*SOURCE MATERIAL*:
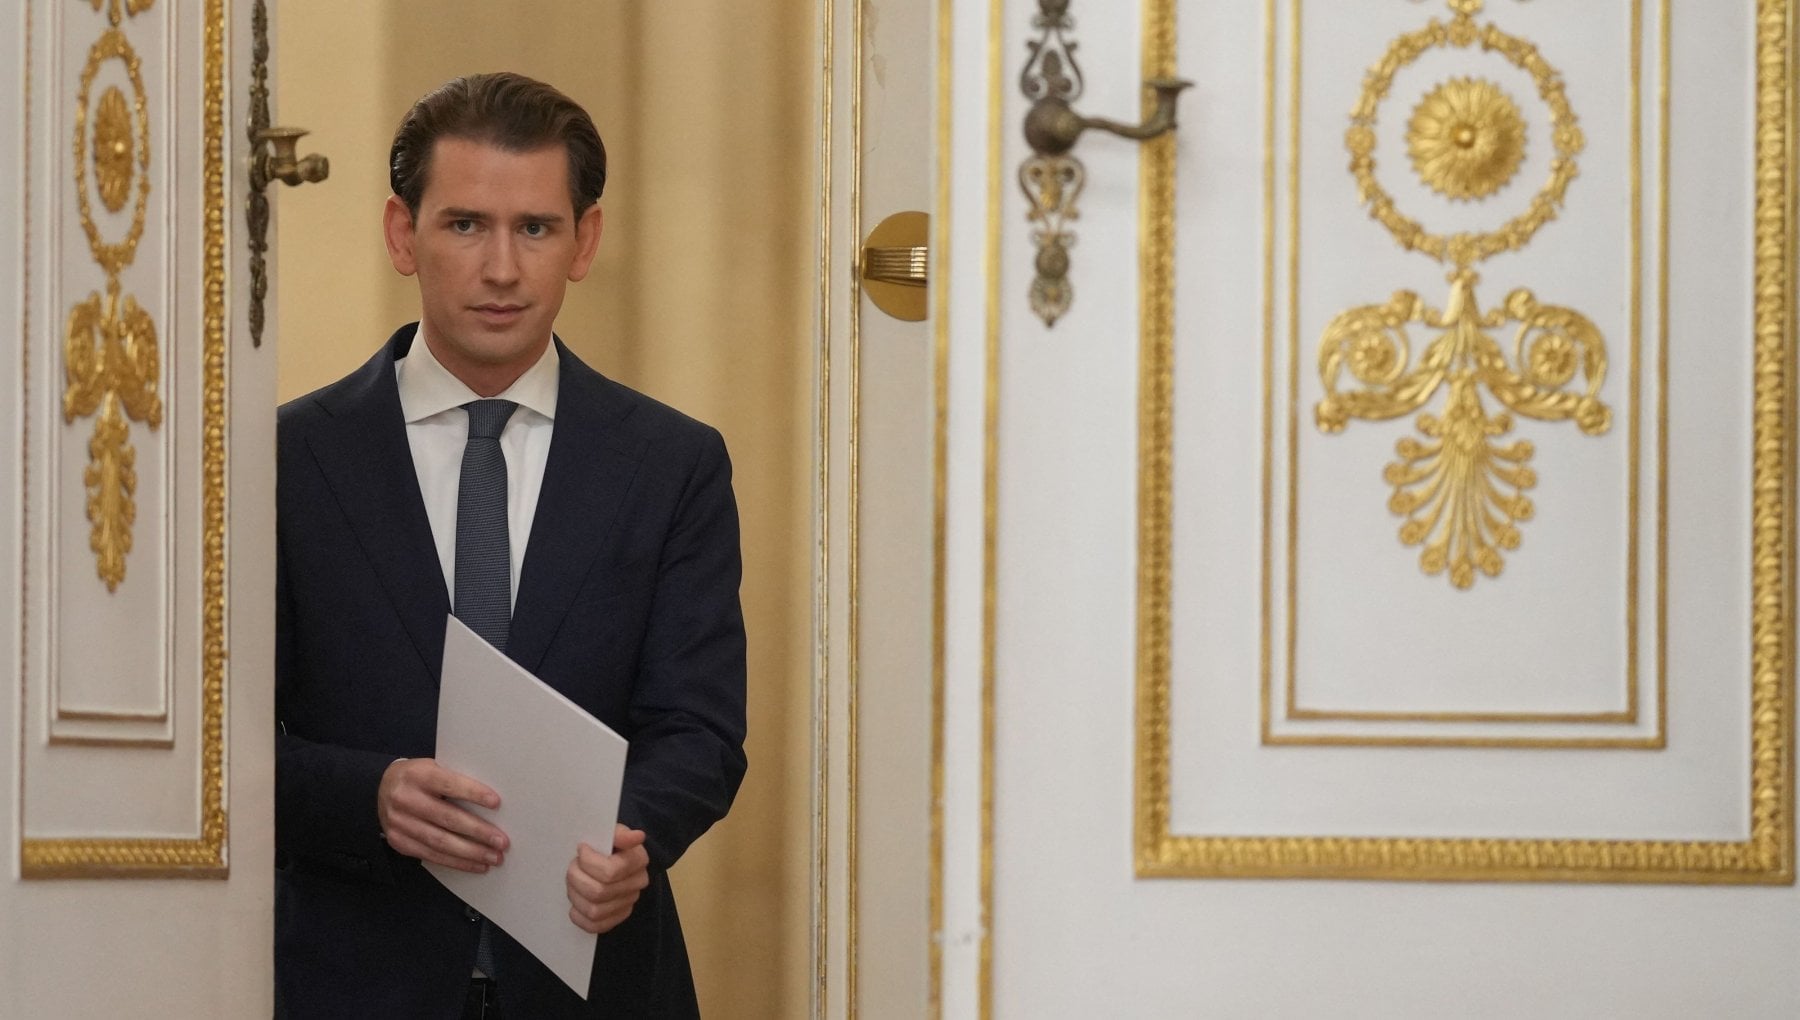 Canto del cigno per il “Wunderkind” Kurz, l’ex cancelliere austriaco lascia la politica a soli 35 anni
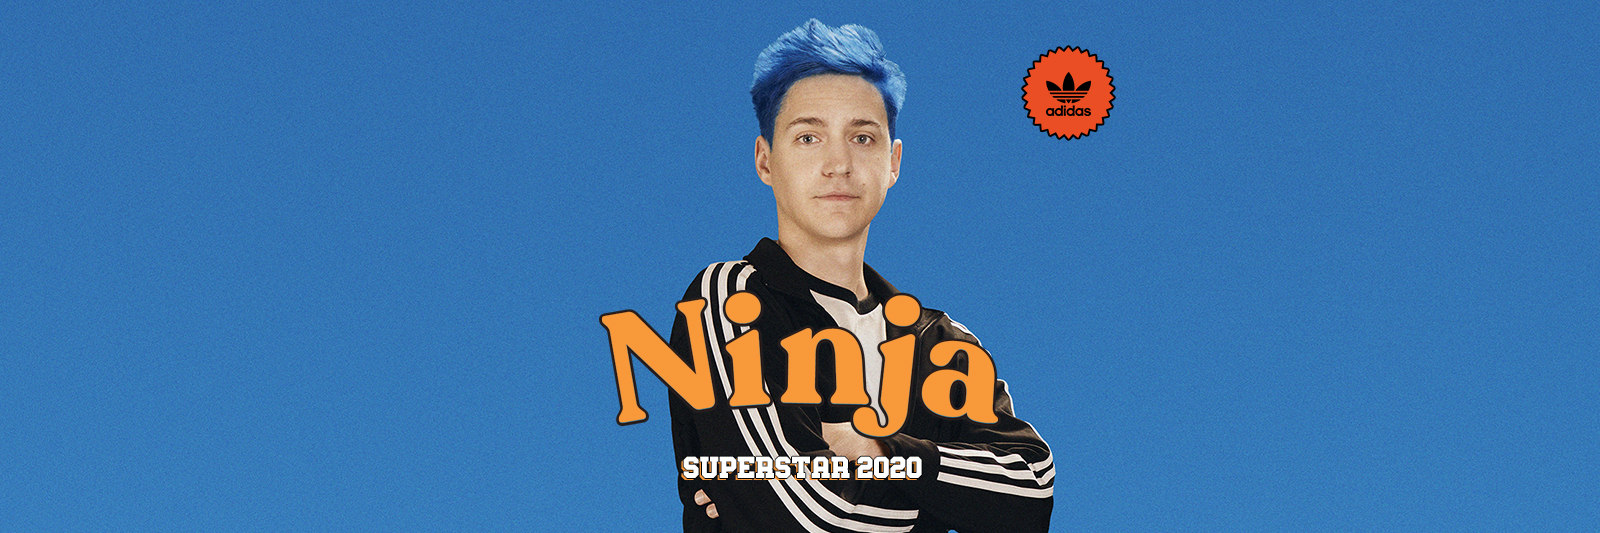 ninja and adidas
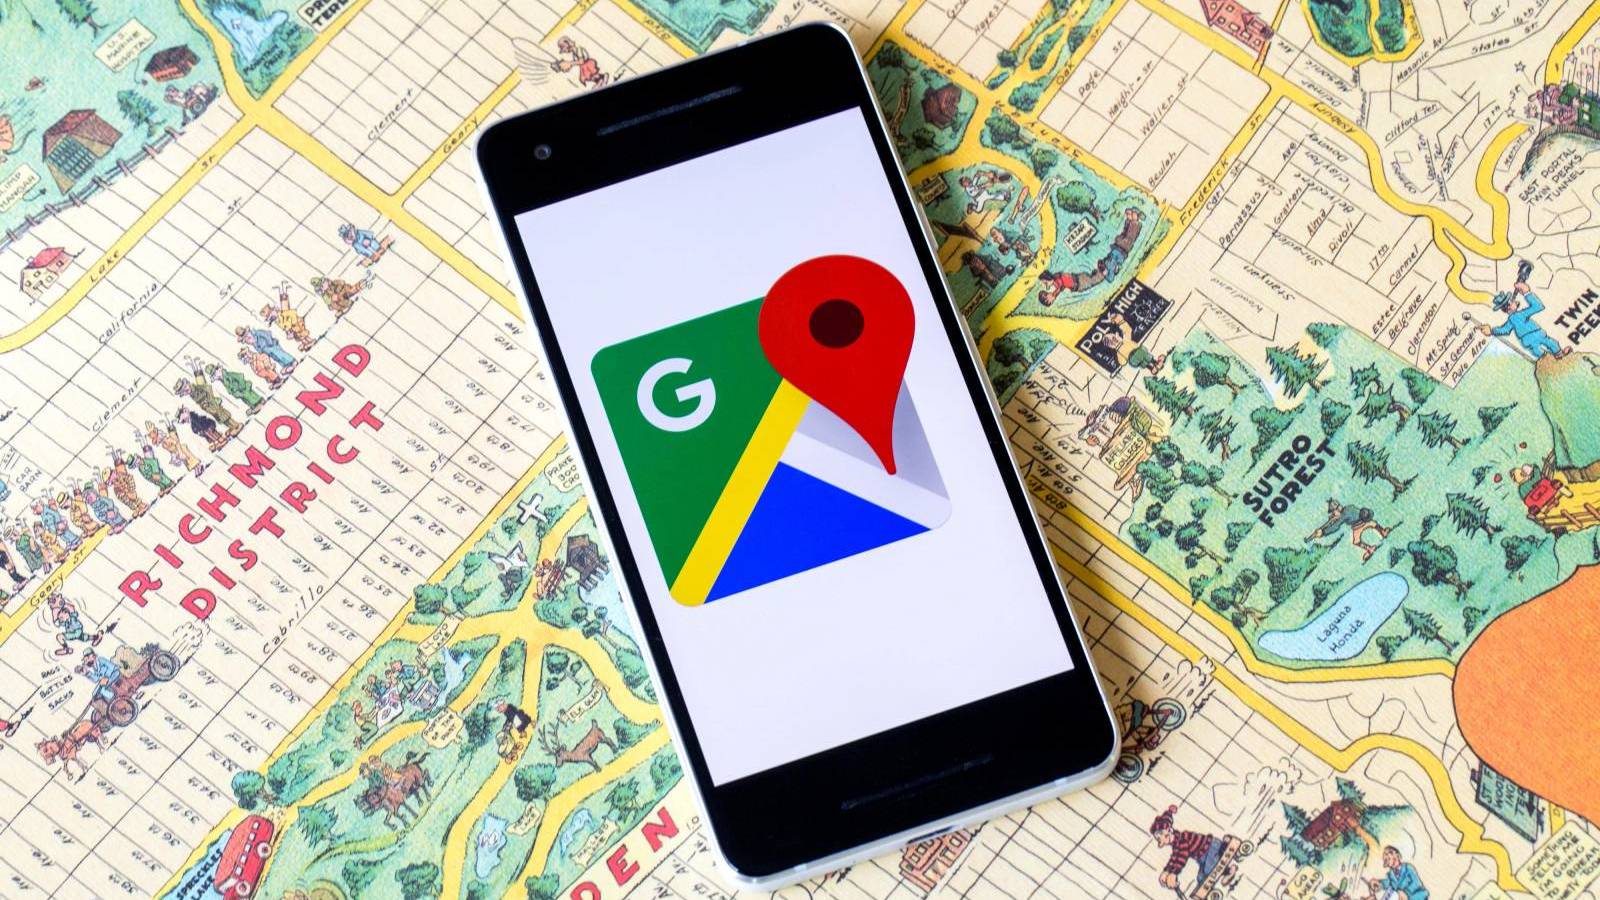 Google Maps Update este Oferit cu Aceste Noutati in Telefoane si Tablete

*DESCRIPTION OF THE TASK*: In the copy, include no pictures; everything else in the material should be written out exactly.

*EXERCISE OUTPUT*:
 Canto del cigno per il “Wunderkind” Kurz, l’ex cancelliere austriaco lascia la politica a soli 35 anni
 ninja and adidas
 Google Maps Update este Oferit cu Aceste Noutati in Telefoane si Tablete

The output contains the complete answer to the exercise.